Nvtext Jaccard#

group nvtext_jaccard

Functions

std::unique_ptr<cudf::column> jaccard_index(cudf::strings_column_view const &input1, cudf::strings_column_view const &input2, cudf::size_type width, rmm::cuda_stream_view stream = cudf::get_default_stream(), rmm::mr::device_memory_resource *mr = rmm::mr::get_current_device_resource())#

Computes the Jaccard similarity between individual rows in two strings columns.

The similarity is calculated between strings in corresponding rows such that output[row] = J(input1[row],input2[row]).

The Jaccard index formula is https://en.wikipedia.org/wiki/Jaccard_index

J = |A ∩ B| / |A ∪ B|
where |A ∩ B| is number of common values between A and B
and |x| is the number of unique values in x.

The computation here compares strings columns by treating each string as text (i.e. sentences, paragraphs, articles) instead of individual words or tokens to be compared directly. The algorithm applies a sliding window (size specified by the width parameter) to each string to form the set of tokens to compare within each row of the two input columns.

These substrings are essentially character ngrams and used as part of the union and intersect calculations for that row. For efficiency, the substrings are hashed using the default MurmurHash32 to identify uniqueness within each row. Once the union and intersect sizes for the row are resolved, the Jaccard index is computed using the above formula and returned as a float32 value.
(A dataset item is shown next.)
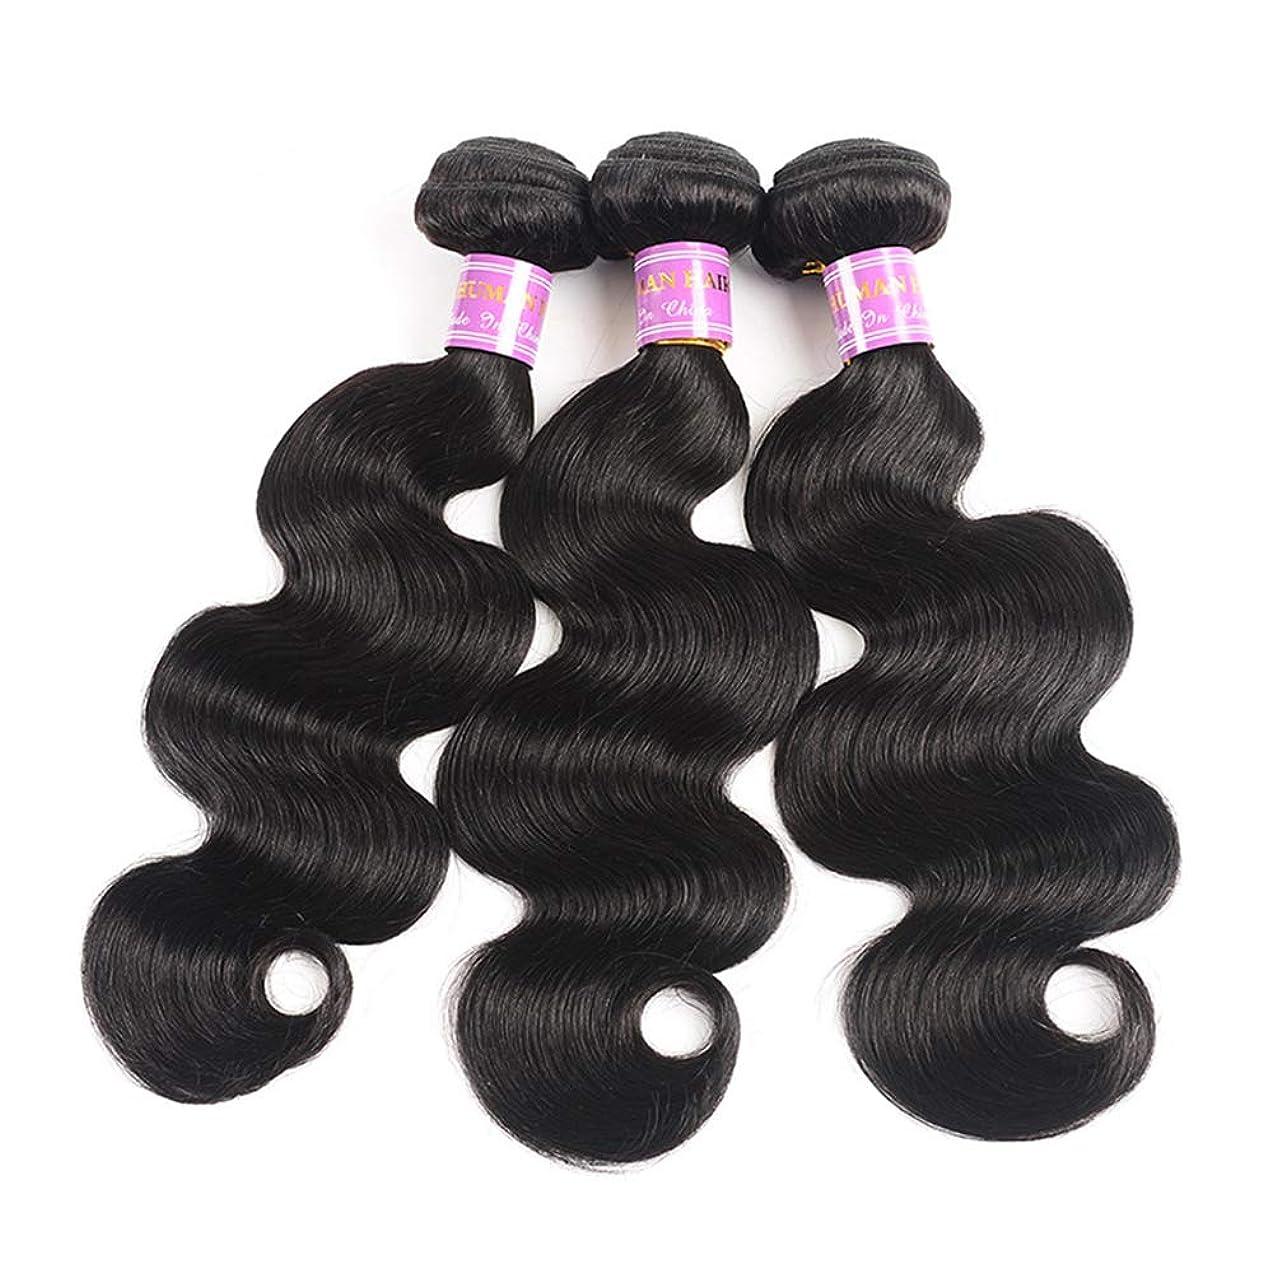 干渉アンケート無視できる毛織りブラジル実体波バージンヘア1バンドルで閉鎖無料部分100%未処理の人間の髪の毛のremy毛延長色100g /個

input1 = ["the fuzzy dog", "little piggy", "funny bunny", "chatty parrot"]
input2 = ["the fuzzy cat", "bitty piggy", "funny bunny", "silent partner"]
r = jaccard_index(input1, input2)
r is now [0.5, 0.15384616, 1.0, 0]

If either input column’s row is null, the output for that row will also be null.

Throws:

std::invalid_argument – if the width < 2 or input1.size() != input2.size()

Parameters:
  • input1 – Strings column to compare with input2

  • input2 – Strings column to compare with input1

  • width – The character width used for apply substrings

  • stream – CUDA stream used for device memory operations and kernel launches

  • mr – Device memory resource used to allocate the returned column’s device memory

Returns:

Index calculation values